Whitehouse Applauds FCC Regulations Regarding Loud Television Advertisements

New Rules are Required by RI Senator’s Legislation Responding to Consumer Complaints

Washington, DC – U.S. Senator Sheldon Whitehouse today applauded the Federal Communications Commission (FCC) for finalizing new rules to crack down on excessively loud television commercials. The FCC adopted the rules as a result of Whitehouse’s Commercial Advertisement Loudness Mitigation (CALM) Act, legislation signed into law last year to prevent commercials from being transmitted at a louder volume than the shows that they accompany.

“This little improvement to our daily lives is nothing compared to the big issues our nation faces, but the annoyance of abrasively loud television commercials is something Rhode Islanders often mentioned to me, and I’m glad to have done something about it,” said Whitehouse. “The FCC’s new regulations will soon put an end to this daily annoyance.”

The FCC has received consumer complaints about commercials being louder than television shows since the 1960s.
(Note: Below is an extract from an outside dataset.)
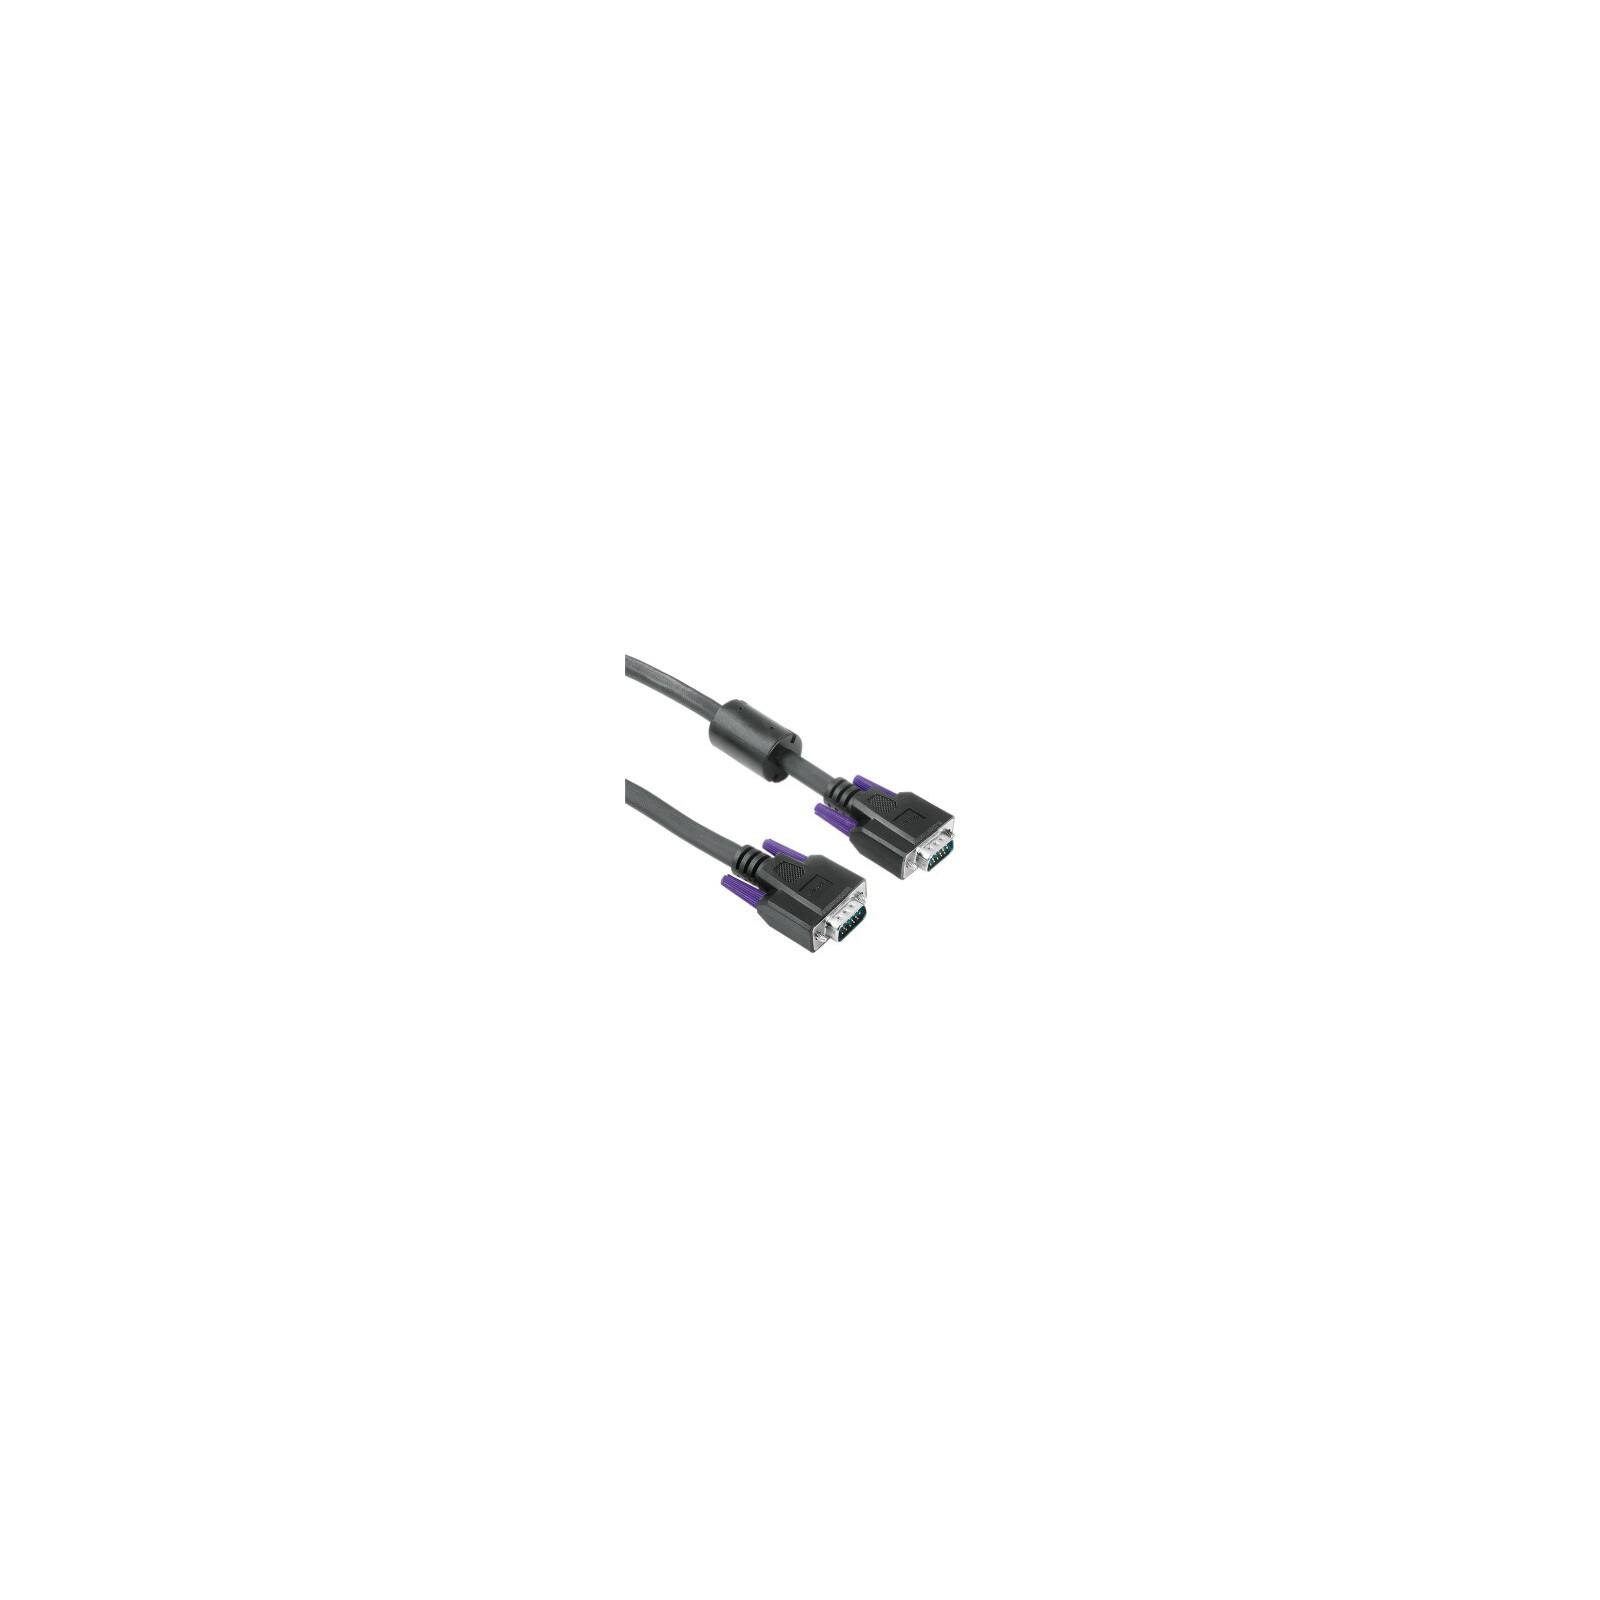 Hama 122228 Video-Verbindungskabel 1,8m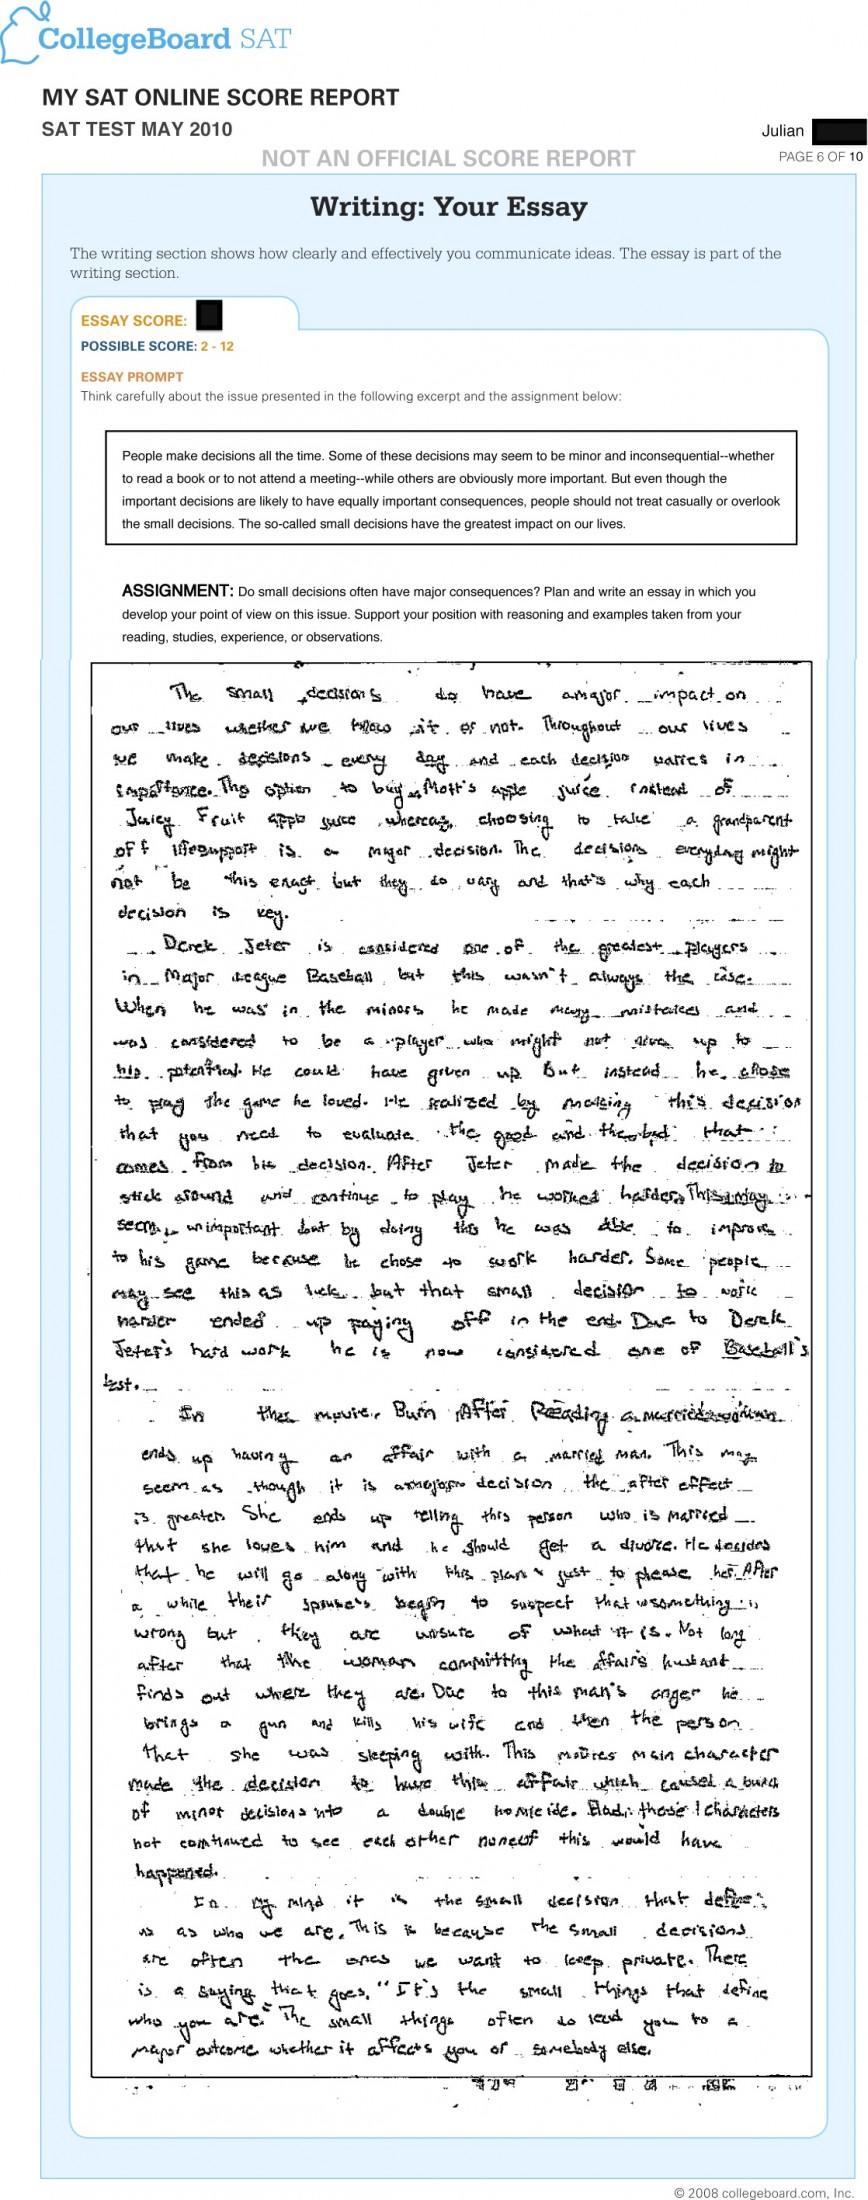 003 Essay Example Jr May Sat Amazing Scoring Rubric Pdf Score Percentiles 2018

Of twenty-five quarterly reports on consumer complaints released by the FCC since 2002, twenty-one listed loud television commercials as a top complaint, and the FCC has received almost 6,000 complaints or inquiries about loud commercials since 2008. Last year Consumers Union, the nonprofit organization that publishes Consumer Reports, stated in testimony before the House of Representatives that “the CALM Act provides an elegant and common-sense solution to finally ending a forty-five year consumer complaint in the United States.”

Under the new rules, the FCC will require all television stations and multichannel video programming distributors (MVPDs) to ensure that the programming that they broadcast is free of excessively loud commercials. Stations and MVPDs have until December 13, 2012 to comply.